As of the date of this Agreement, there are fifty two,500,000 shares of GHV Class A Common Stock issued and outstanding, thirteen,one hundred twenty five,000 shares of GHV Class F Common Stock issued and outstanding, and immediately previous to the GHV Class F Conversion, three,281,250 shares of GHV Class F Common Stock will be canceled for no consideration, no shares of GHV Preferred Stock issued and outstanding and GHV Warrants to purchase 6,250,000 shares of GHV Class A Common Stock at a worth of $11.50 per share. Except as expressly contemplated by this Agreement, there are not any different shares of frequent stock, most popular stock or different equity interests of GHV approved, reserved, issued or outstanding. As of the date of this Agreement, there are no situations precedent associated to the funding of the total quantity of the Committed Debt Financing aside from the Commitment Conditions Precedent expressly set forth within the Commitment Financing Documents delivered to GHV, and there aren’t any, and there are not contemplated to be any, agreements, aspect letters or preparations relating to the Committed Debt Financing that may have an result on the supply or conditionality of the Committed Debt Financing other than the Commitment Financing Documents delivered to GHV.

Except for Citigroup Global Markets Inc. , no broker, finder or funding banker is entitled to, or will be entitled to, any brokerage, finder’s or different payment or commission in connection with the Transactions based upon preparations made by or on behalf of Ardagh or any of its Affiliates.
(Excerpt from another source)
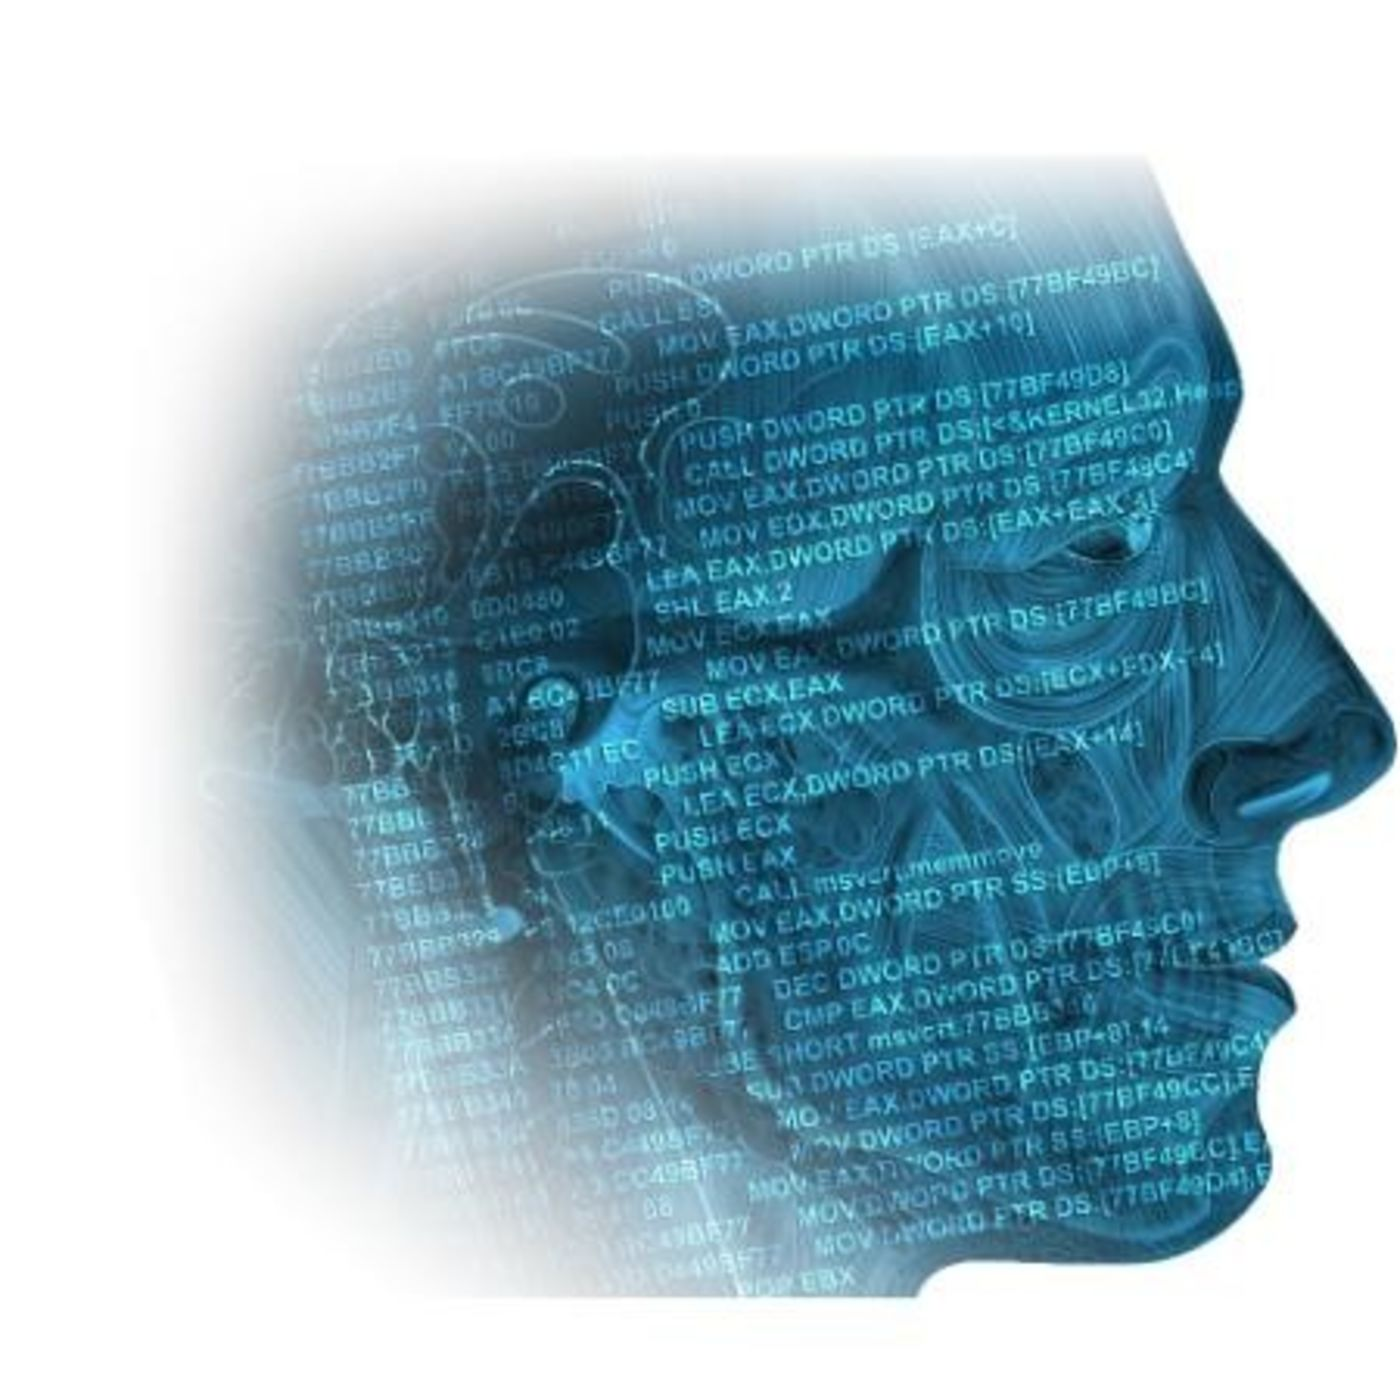 #15 - Chris Hadnagy, CEO, Social-Engineer, LLC - Hacking the Human!
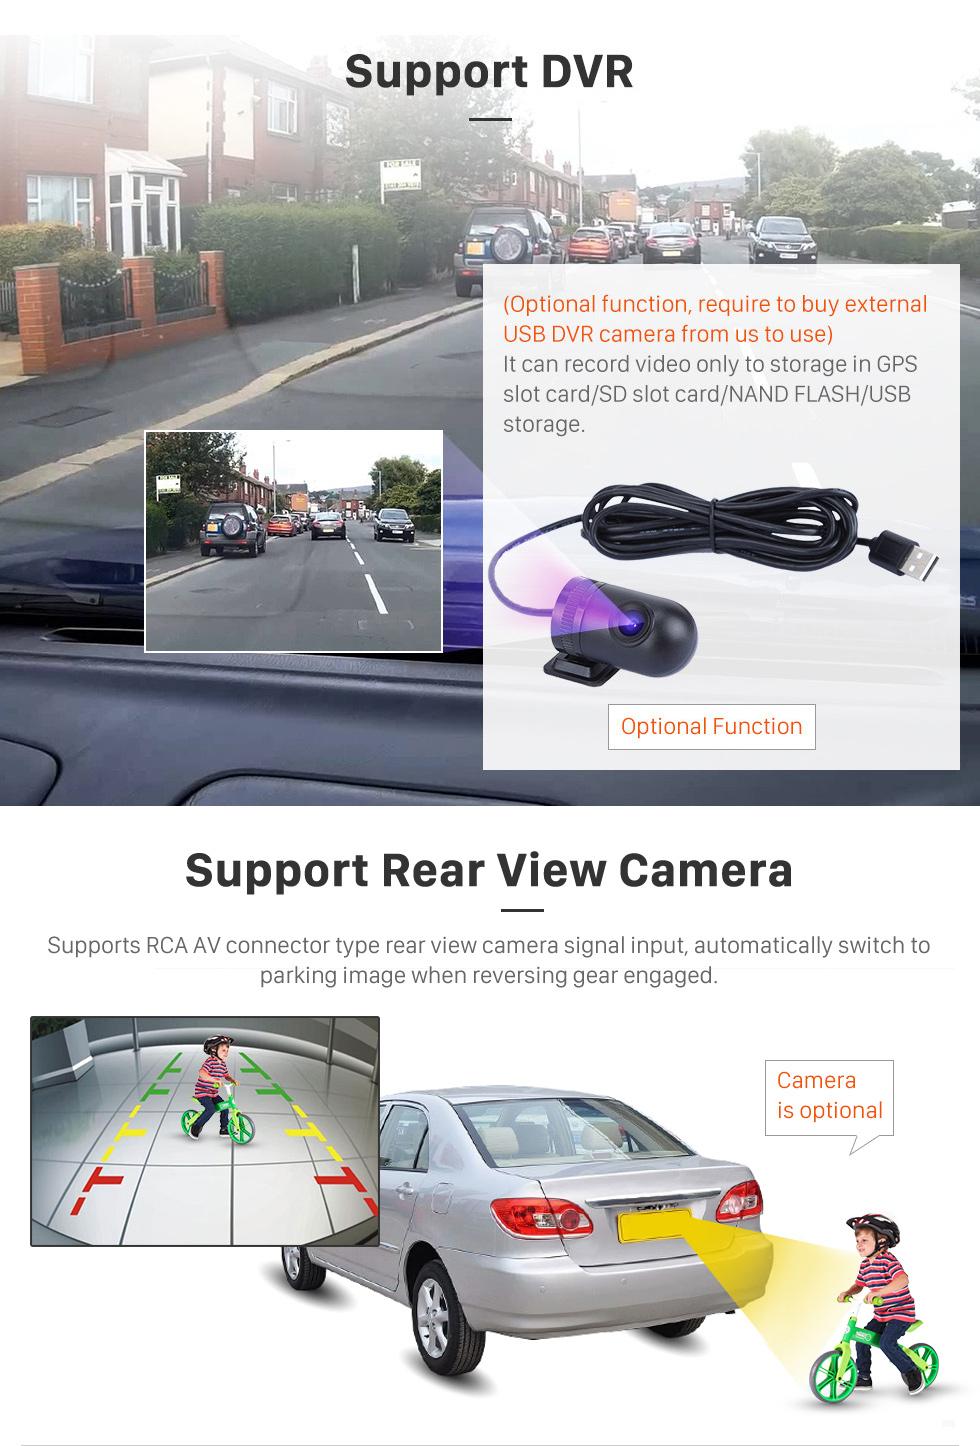 Seicane 9 pulgadas 2015 Hyundai Starex H1 Android 9.0 Navegación GPS Radio Bluetooth HD Pantalla táctil AUX USB Carplay ayuda Enlace espejo

Ardagh and the AMP Entities have in all material respects precisely classified in accordance with applicable Trade Laws all items and merchandise imported by Ardagh or any of its Affiliates or the AMP Entities into any jurisdiction where Ardagh, any of its Affiliates or the AMP Entities acts as the importer of document. Ardagh and its Affiliates and the AMP Entities are, and have been for the past 5 years, in compliance with the Trade Laws and Sanctions, and have ready and timely applied for all licenses required under the Trade Laws and Sanctions.

” means the debt financing pursuant to the Commitment Letter or such other various financing preparations to be incurred by the AMPSA Financing Parties in respect of the Transactions, in an quantity which might yield internet proceeds of not lower than $2,315,000,000 and have an combination principal of no more than $2,800,000,000. ” means the checking account to be designated by Ardagh in a written notice to GHV and AMPSA no less than two Business Days prior to the Closing Date. On February 23, 2021, the Company issued a press release asserting the execution of the Business Combination Agreement. Notwithstanding the foregoing, information contained on the Company’s or AGSA’s website and the websites of any of their affiliates referenced in Exhibit 99.1 or linked therein or in any other case linked thereto does not constitute part of neither is it incorporated by reference into this Current Report.